In November 1969, Anderson and the administration decided against raising tuition starting in the second semester of the 1969–1970 academic year. This decision was made in spite of the fact that the university had not received its appropriation from the Pennsylvania Legislature and had been forced to borrow $17 million (equivalent to $ million in ) to make ends meet. Some months earlier, Anderson had clashed with students regarding a university construction project that displaced black students from their housing; the Student Senate proposed a one-day boycott of classes as a result.

The Temple faculty senate voted 107 to 49 on December 10, 1970, to demand Anderson's resignation as president, following the student newspaper, which had done so earlier that year. Only ten percent of the faculty senate took part in the vote, with the remainder of the faculty voting by mail. The full faculty vote results, which resolved against demanding Anderson's resignation 476 to 335, were announced in late January 1971. Anderson ultimately announced his resignation on March 14, 1972, to take effect at the end of the 1972–1973 academic year. During his time as Temple's president, numerous new buildings were constructed on campus, including McGonigle Hall, Paley Library, the Klein Law Building, Gladfelter Hall, and Anderson Hall, the latter of which was named for him. He was succeeded by Marvin Wachman, who took office on July 1, 1973.

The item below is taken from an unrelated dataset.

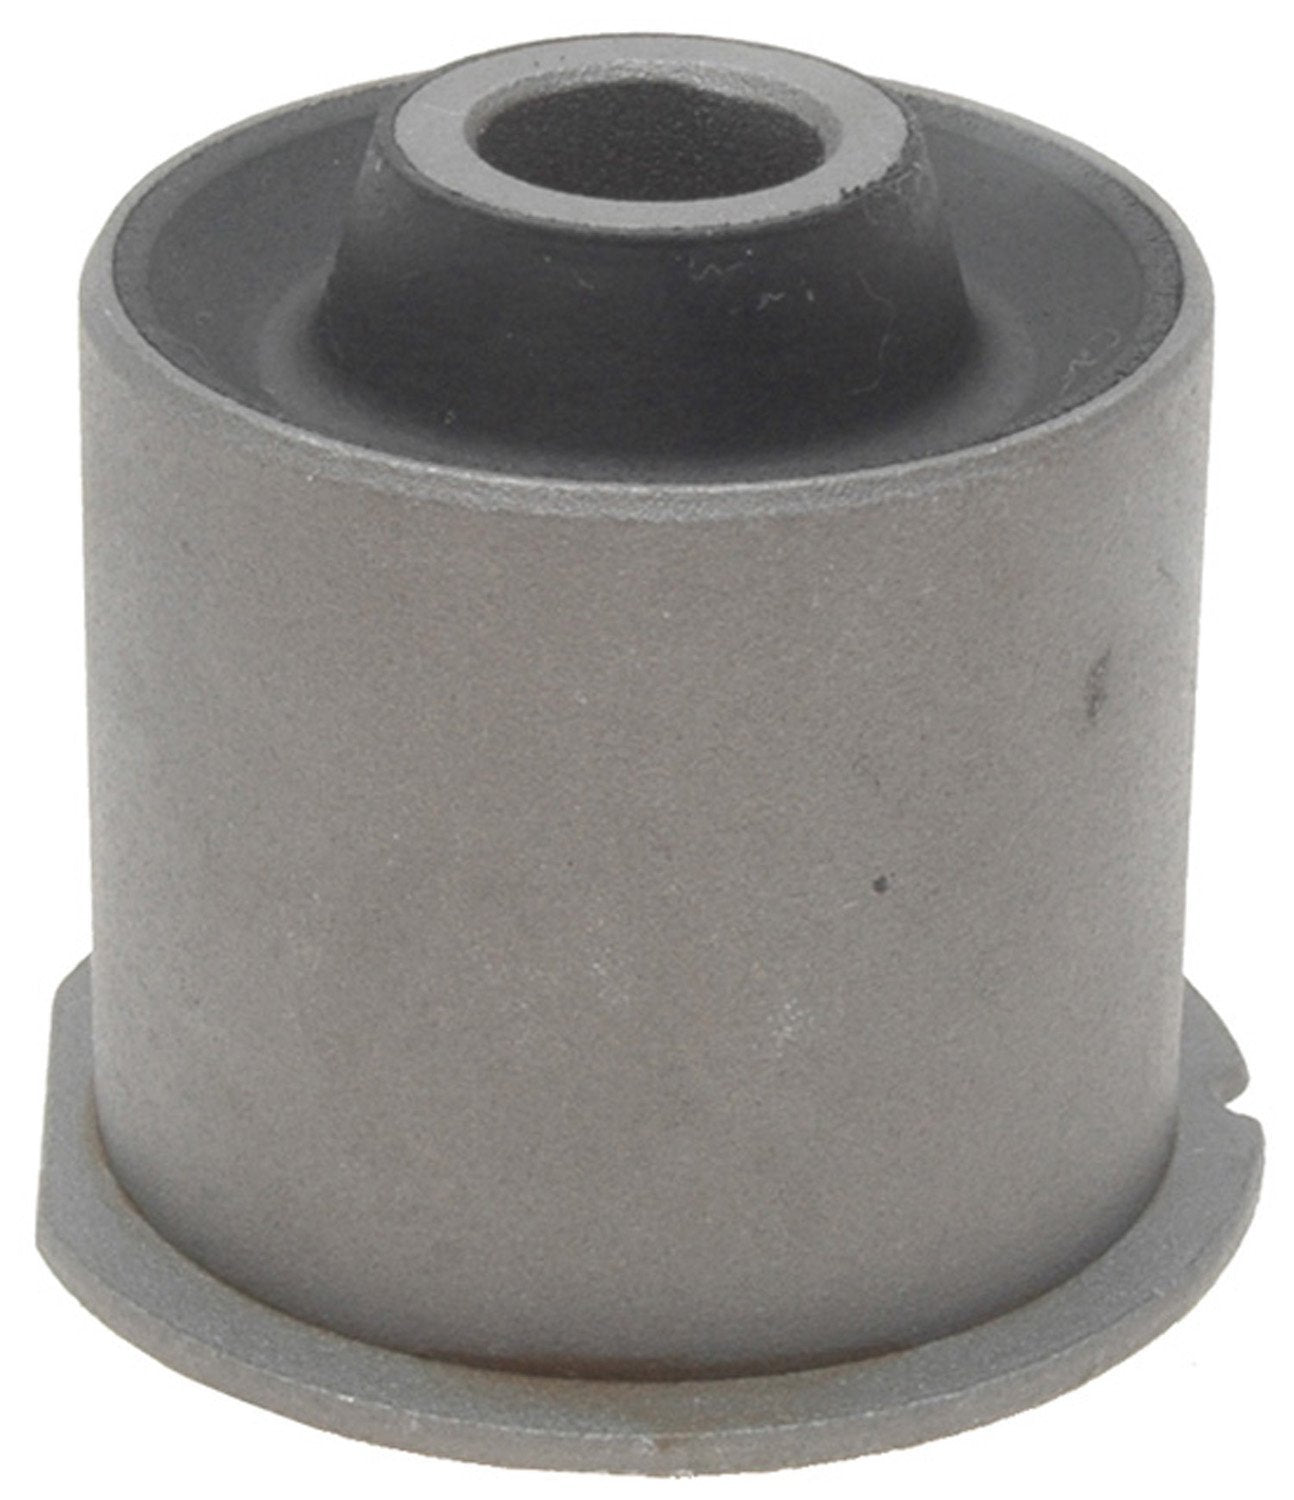 ACDelco 45G11156 Professional Rear Lower Front Suspension Control Arm Bushing - Brand New - new
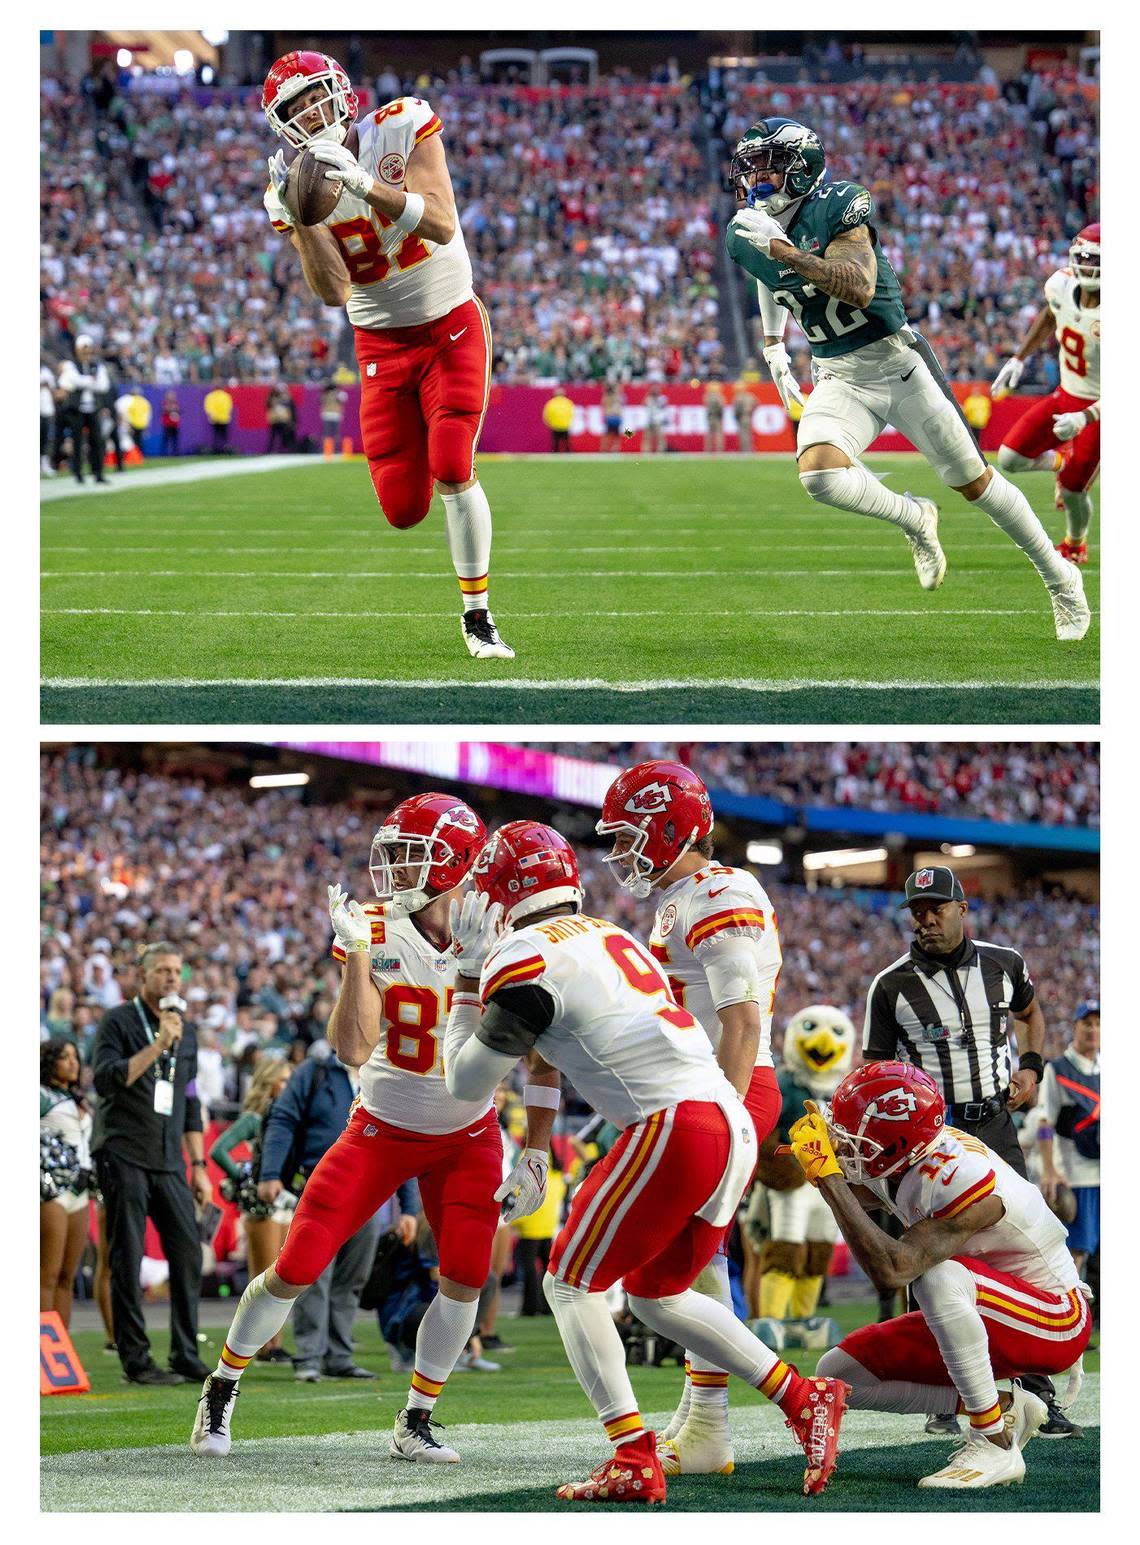 Kansas City Chiefs tight end Travis Kelce (87) catches a touchdown pass behind Philadelphia Eagles safety Marcus Epps (22) during the Super Bowl LVII football game on Monday, Feb. 13, 2023, in Glendale, Ariz. He celebrated his game-tying score by doing the stanky leg dance with wide receiver JuJu Smith-Schuster (9), quarterback Patrick Mahomes (15) and wide receiver Marquez Valdes-Scantling (11).

==Personal life and death==
Anderson married Betty Ann Brown on July 26, 1934, on the campus of MacMurray College. The pair were married until Betty Ann's death in 1975. He remarried to Ruth Kelley, a fellow 1928 graduate of Ohio Wesleyan, on February 16, 1985, in Funchal, Madeira. Kelley had worked as an interior decorator at Chatham and Temple during Anderson's presidencies at both schools; she had been a widow for approximately ten months. Kelley died April 17, 1990; Anderson remarried to Mern Anthony on June 15, 1991.

Anderson retired to Martha's Vineyard, Massachusetts, and later moved to Ponte Vedra Beach, Florida. He died at his home in Ponte Vedra Beach on January 31, 1993, from cancer.